Several states including Delaware, Hawaii, Louisiana and North Carolina do not reference goldfish or define legal bait well enough for us to make an interpretation of the law.  In these cases, it is best to assume it is illegal.  

Beware, we are not experts of the law but as experienced anglers, we did our best to shed some light on the legality of using goldfish as bait.  However, it is your responsibility to be familiar with your local laws.

*Always review your local fishing regulations and call a wildlife officer if in doubt.  Even if the laws are confusing, it is best to do as the officer’s say since they are the ones writing the tickets. 

Why use goldfish for bait

I definitely can appreciate the appeal of using goldfish as bait.  I have heard about it for years so it must work for catching fish.  Let’s take a look at why people would use goldfish as bait.

  • They are easy to buy:  It is not always easy to find a good bait and tackle shop around your local area.  However, goldfish are readily available at most pet stores and even some Walmarts.  Most major cities have pet stores. 
  • They are affordable:  This one is debatable.  Live minnows for fishing usually average $3-$5 for two dozen.  Whereas feeder goldfish from a big box pet store are usually $3 for 12 fish.  I have seen them as low as 15 cents each.  It is still cheap but not any cheaper than other live bait.
  • Goldfish are hardy:  They can tolerate a lot of stress and will survive a long time in a bait bucket if you feed them.  They also last a long time on a hook.  Most other live minnow species commonly used rarely survive a few days of fishing.
  • Bright colors attract predators:  Just like artificial lures, the bright orange, yellow and white colors on goldfish make an enticing snack for big predators.  They also seem to provide good action on a hook just like other common bait minnows.

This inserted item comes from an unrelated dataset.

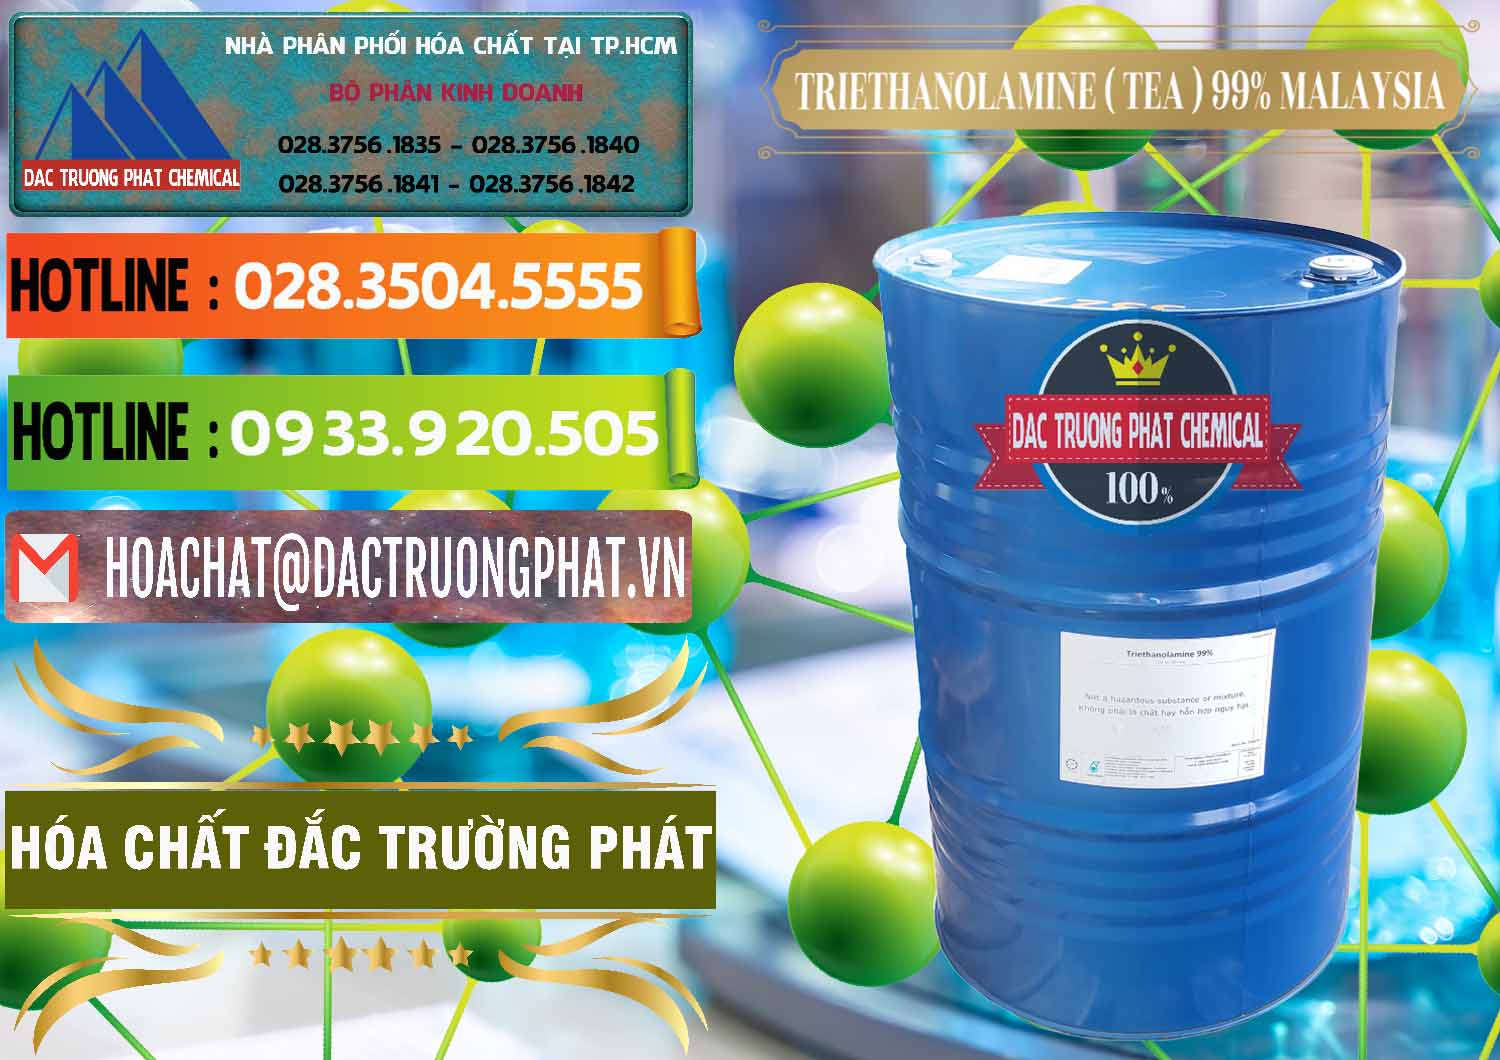 Cty cung cấp - bán TEA - Triethanolamine 99% Mã Lai Malaysia - 0323 - Nơi phân phối và cung ứng hóa chất tại TP.HCM - cungcaphoachat.com.vn

While the benefits of goldfish as bait may seem great, you need to ask yourself if it’s worth causing potential harm to the fishery you enjoy fishing.  Most dedicated anglers would agree that there are better options for bait.  

Are goldfish harmful to the environment

Even if goldfish make good bait, they do have serious potential to cause harm to native ecosystems in lakes and rivers.  

It seems unthinkable that a puny pet store goldfish could become the dominant species in a lake filled with predatory trout, walleye or bass, but it happens.  Goldfish breed multiple time each season, laying thousands of eggs, while at the same time devouring gobs of native fish eggs.  

When the conditions are just right, these overgrown goldfish (some reaching several pounds) can all but eliminate every gamefish until the lake resembles an overstuffed koi pond.  

That is why most states with intact wild fish populations have moved to ban using goldfish as bait.  It only takes a few goldfish slipping from a hook or carelessly released into the water to cause a major problem.  

Removing goldfish from an infested lake is all but impossible and in most cases, popular gamefish never recover without expensive intervention like mass netting, complete kill-offs with rotenone treatment or the draining of reservoirs.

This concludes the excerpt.